# Dataset extract
::::
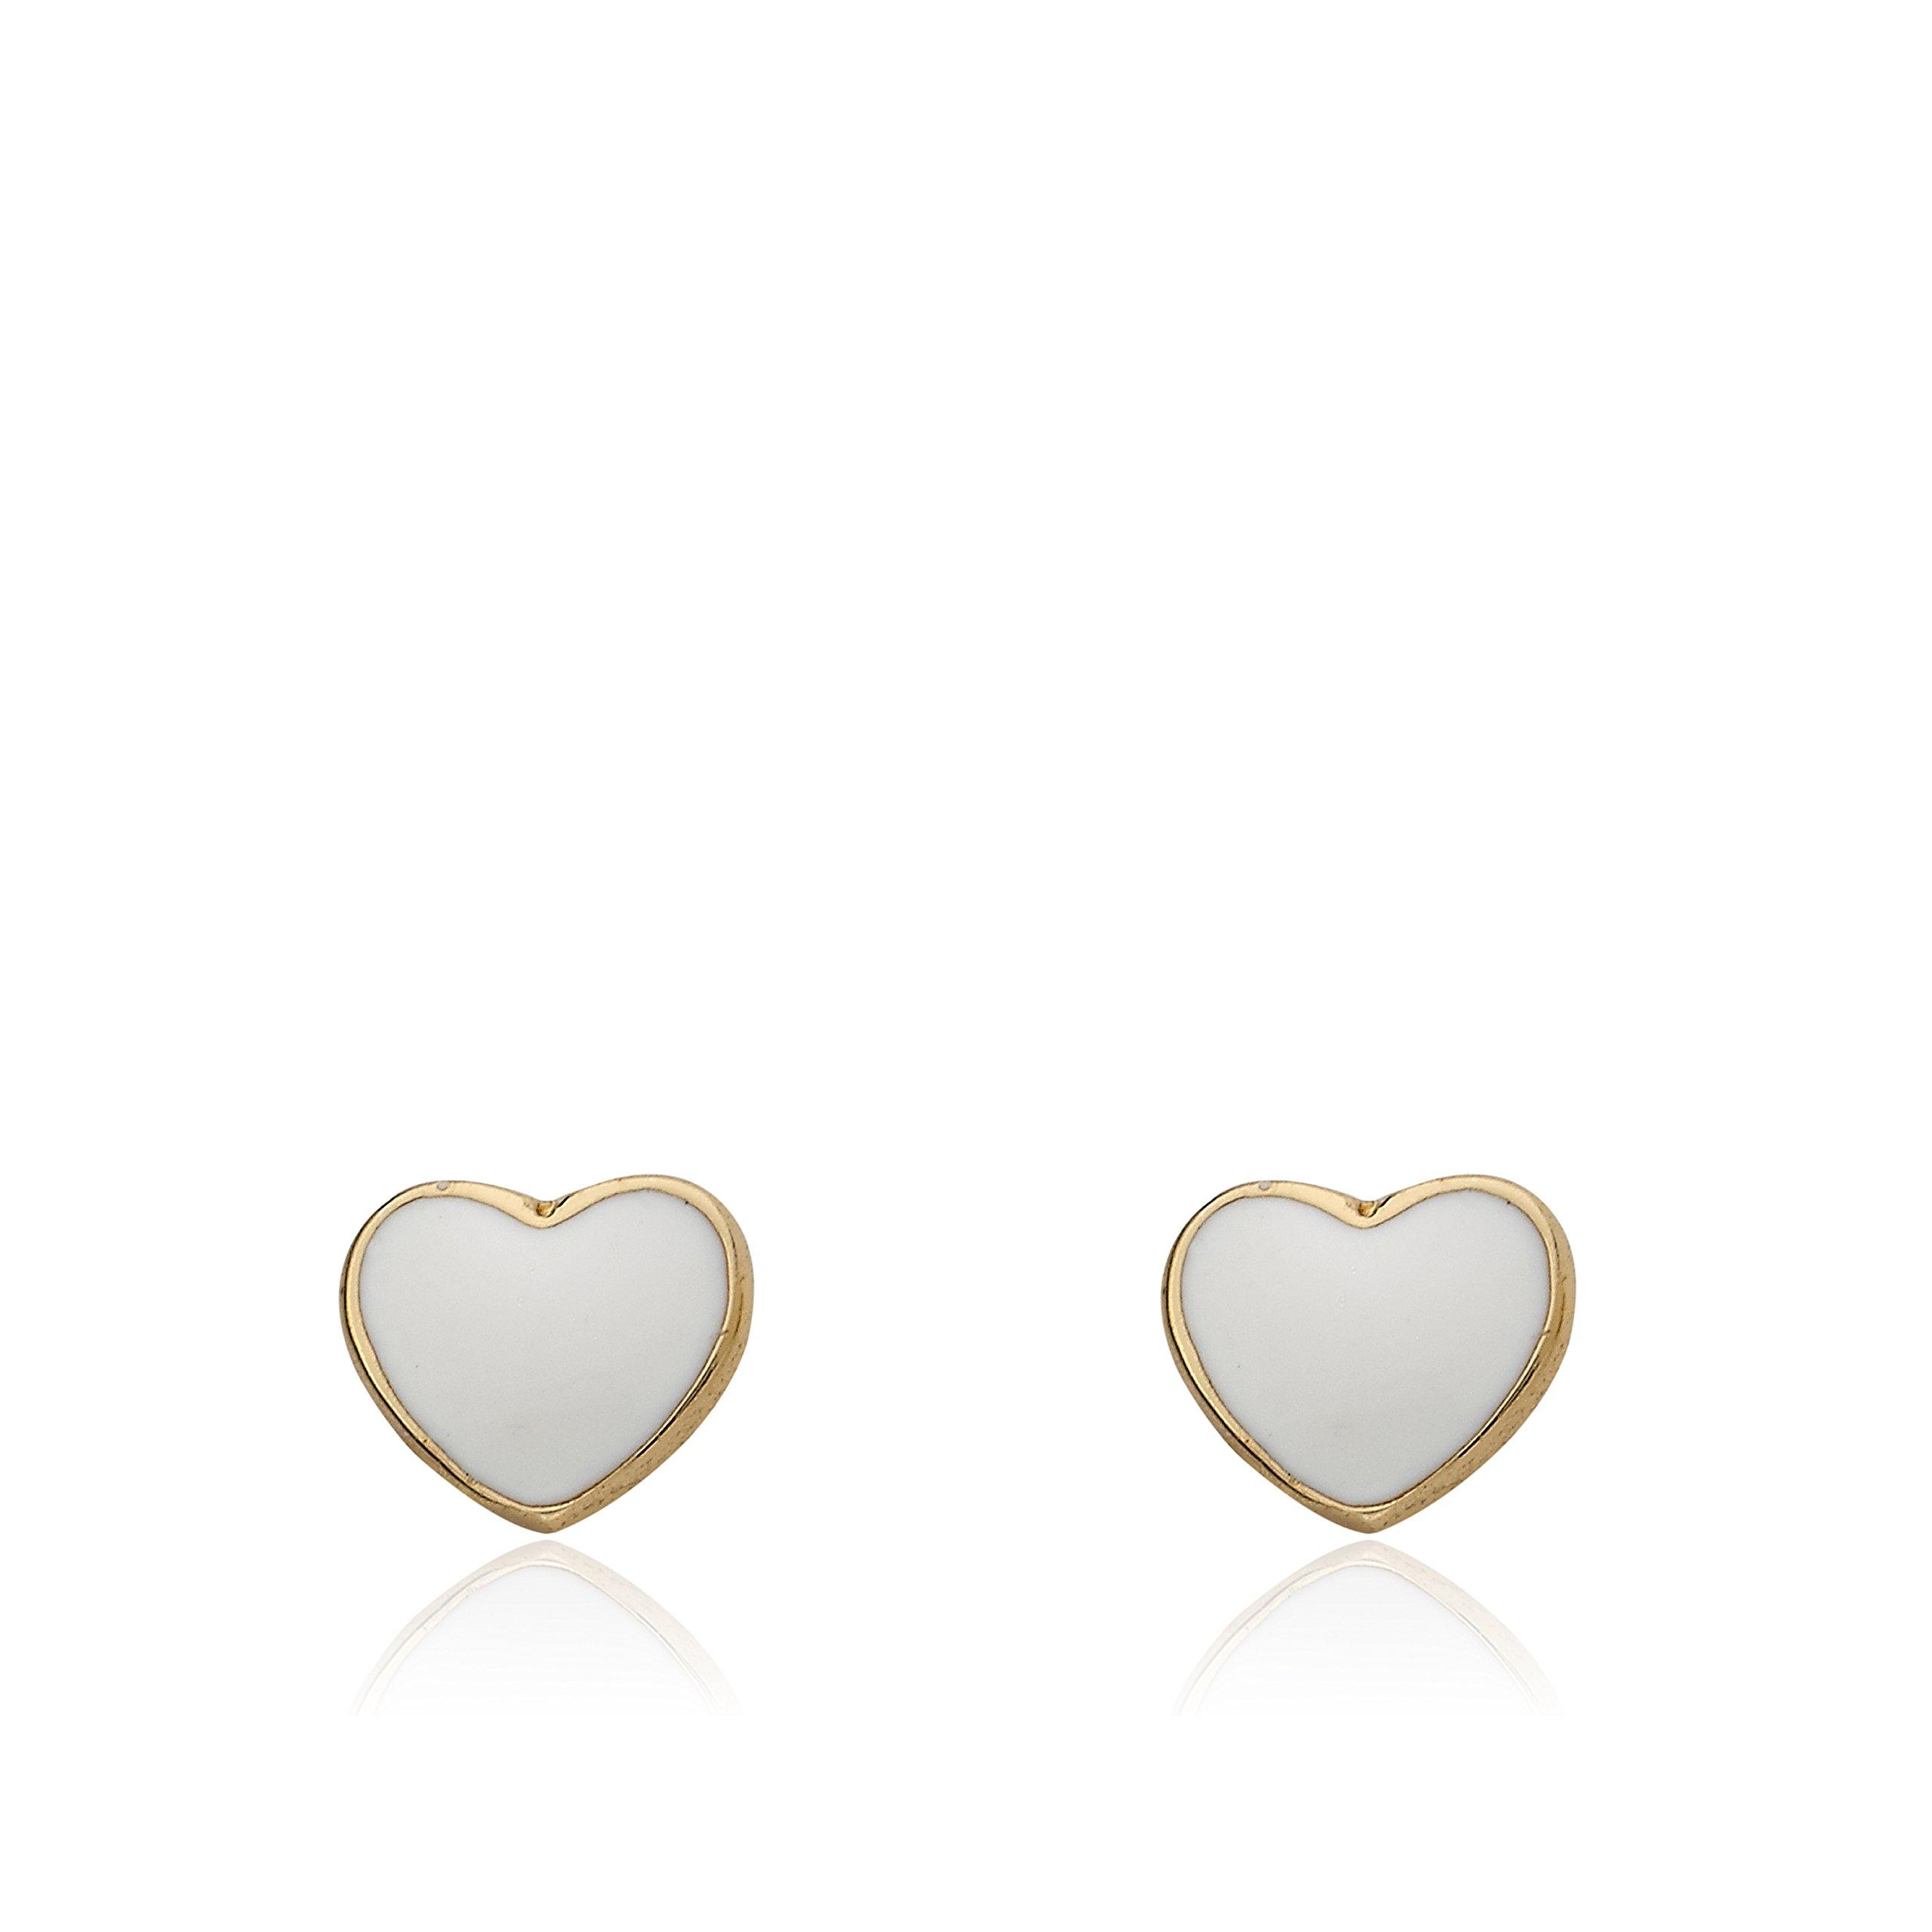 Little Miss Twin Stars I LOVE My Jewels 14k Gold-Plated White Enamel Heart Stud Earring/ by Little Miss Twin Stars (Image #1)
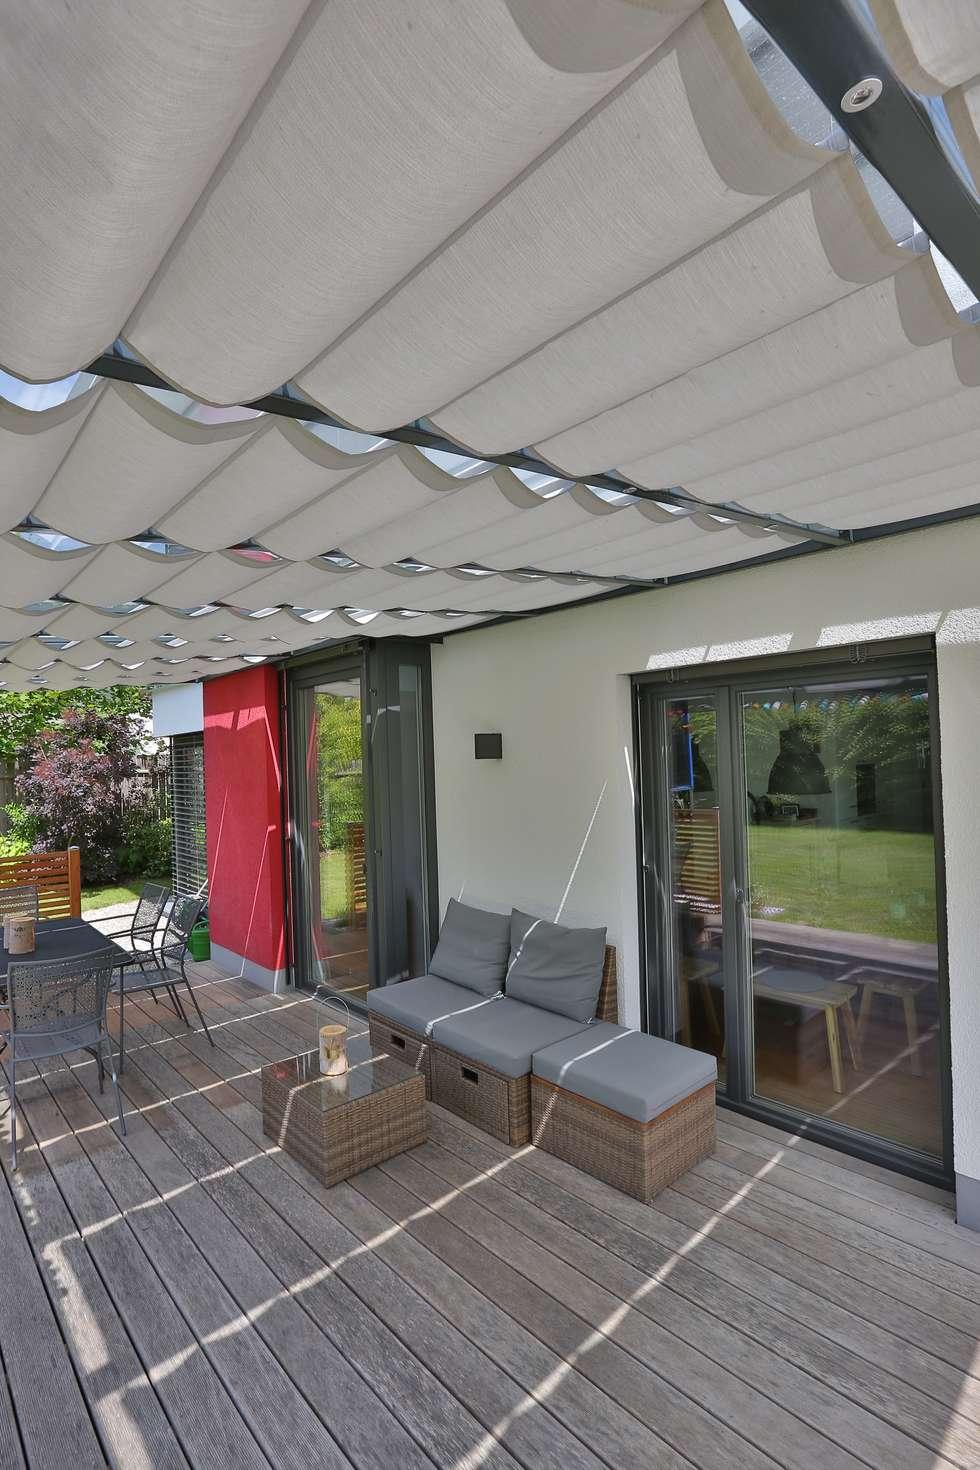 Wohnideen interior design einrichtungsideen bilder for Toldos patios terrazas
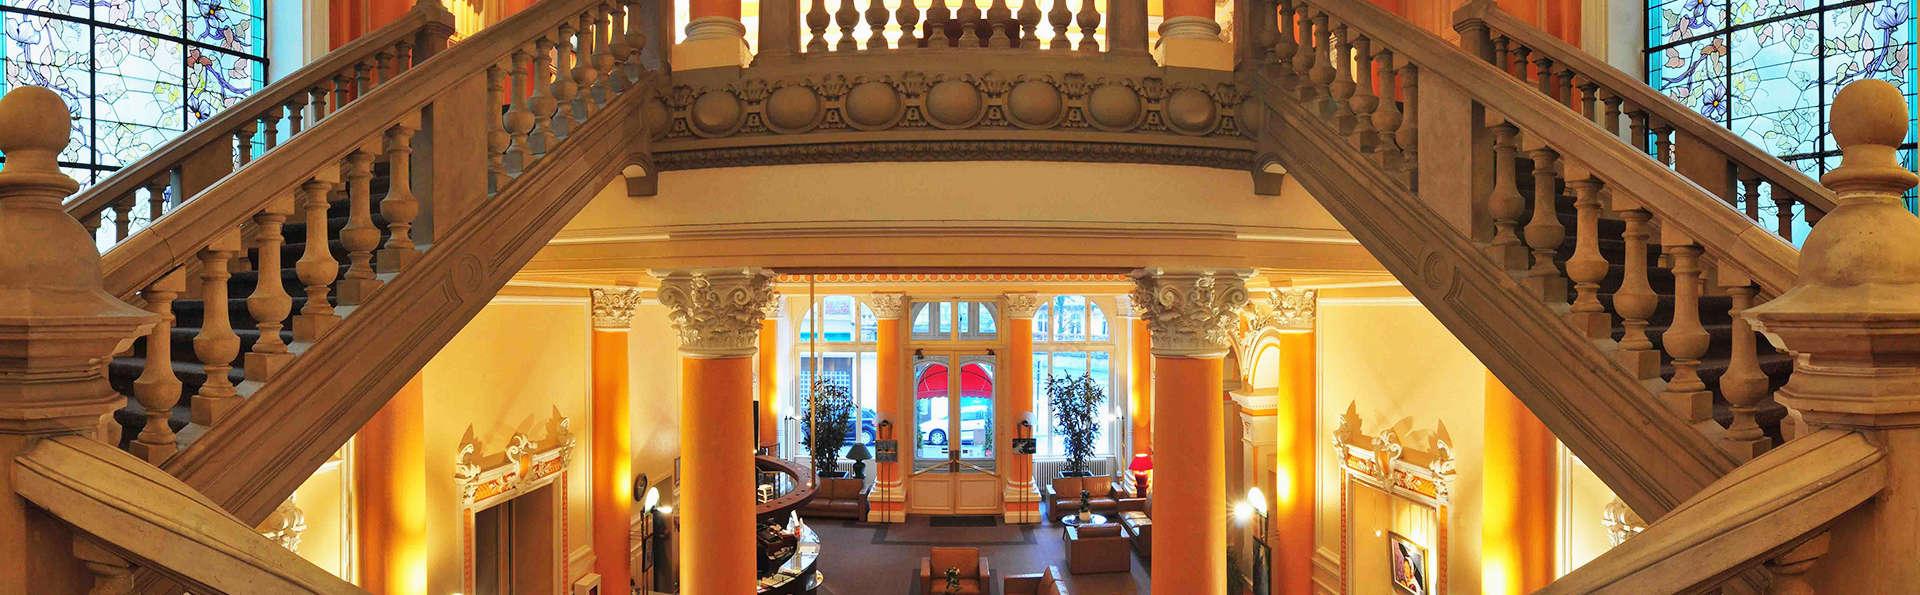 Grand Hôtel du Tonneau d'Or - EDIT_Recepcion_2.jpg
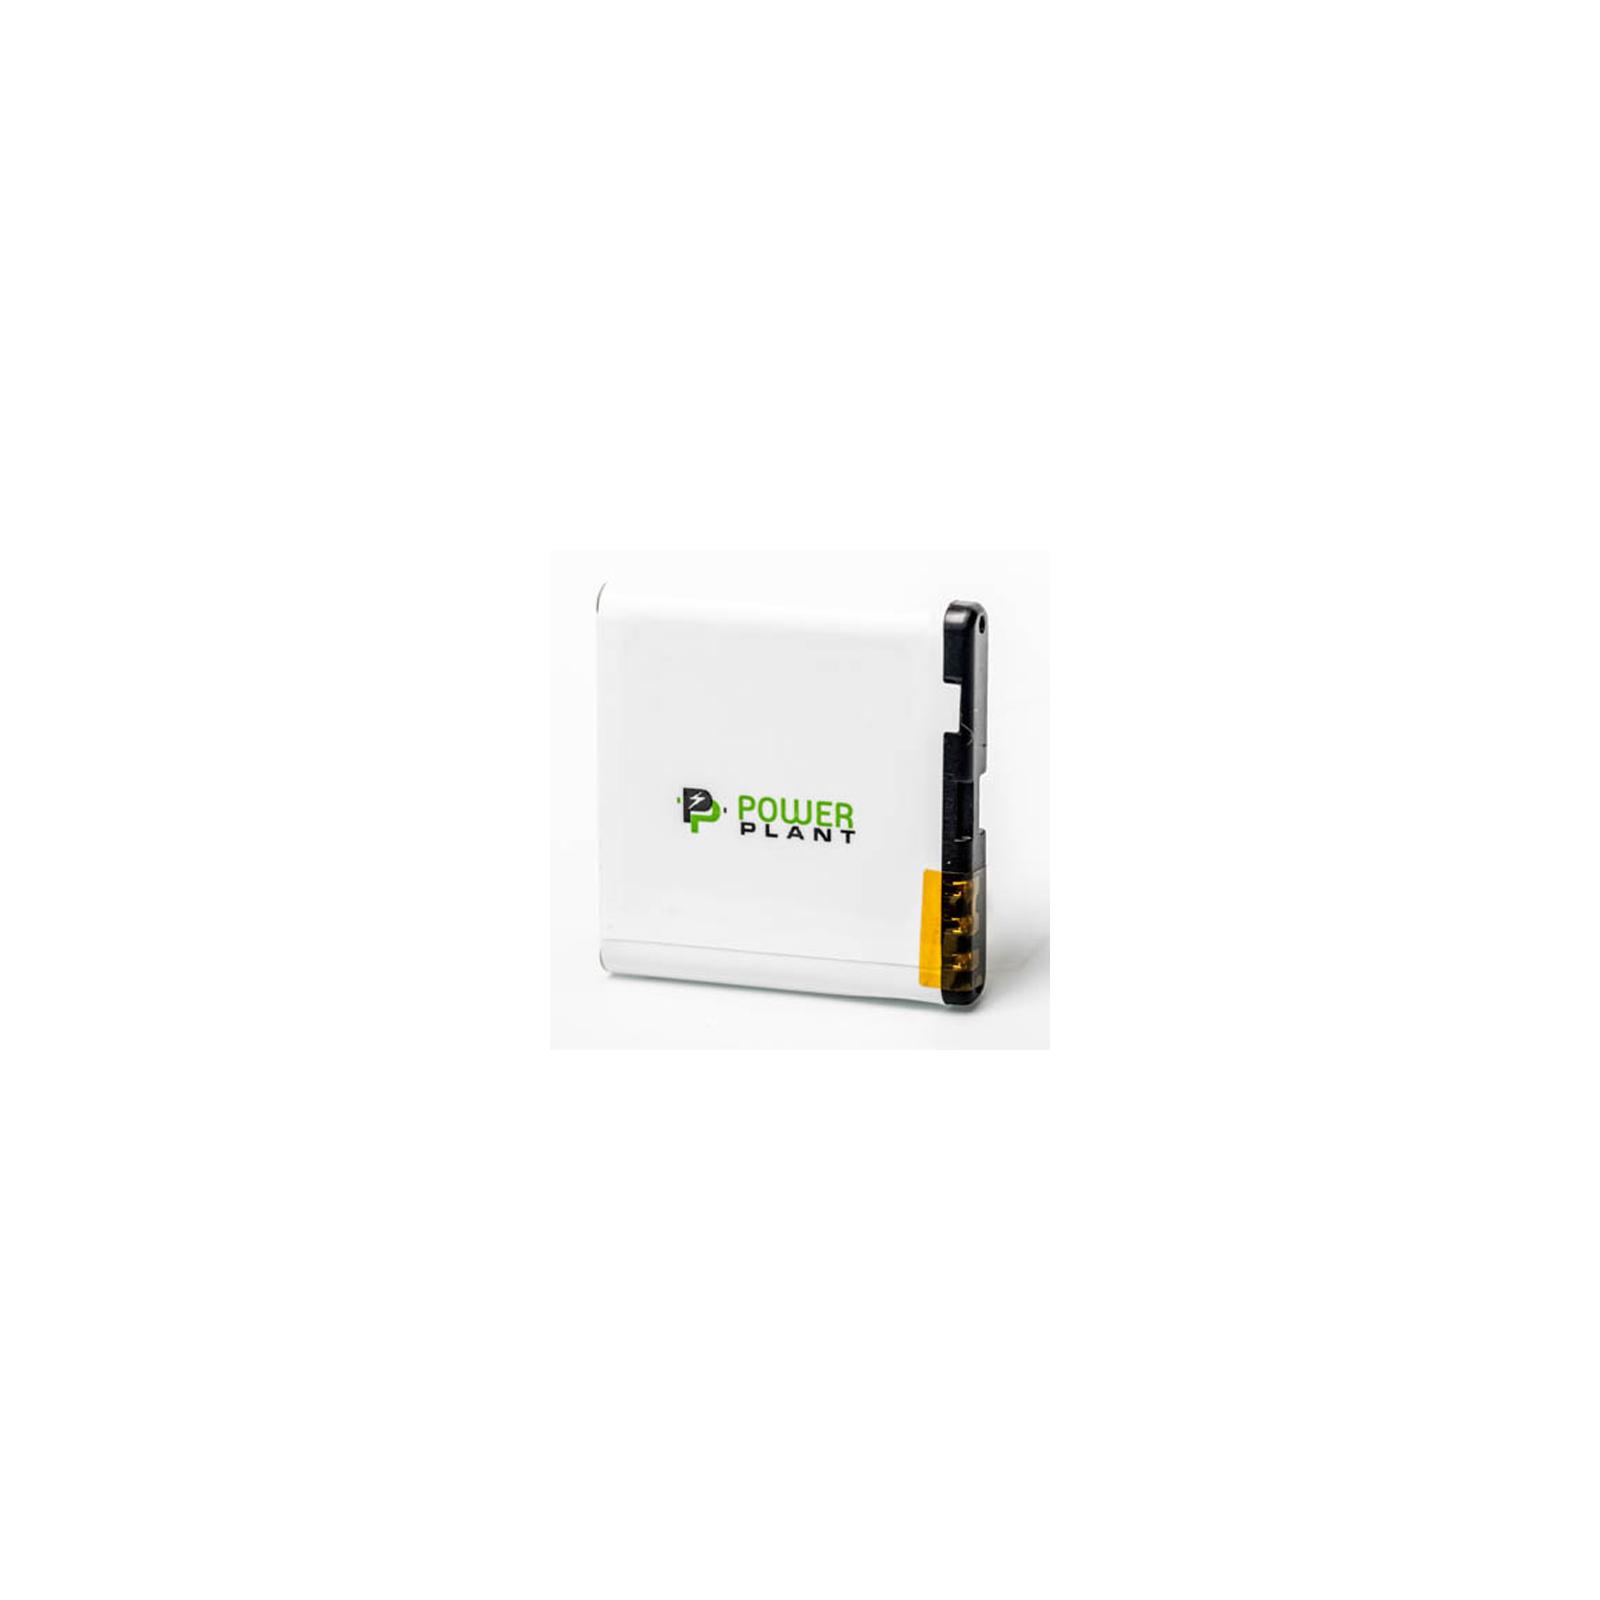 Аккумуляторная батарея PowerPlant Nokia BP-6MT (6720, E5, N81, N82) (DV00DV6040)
::::
# Task goal
This task calls for the lines from the line containing "Grand Hôtel du" through the end of the listing, set down exactly and only, with pictures omitted.

# Expected answer
 Grand Hôtel du Tonneau d'Or - EDIT_Recepcion_2.jpg
 Аккумуляторная батарея PowerPlant Nokia BP-6MT (6720, E5, N81, N82) (DV00DV6040)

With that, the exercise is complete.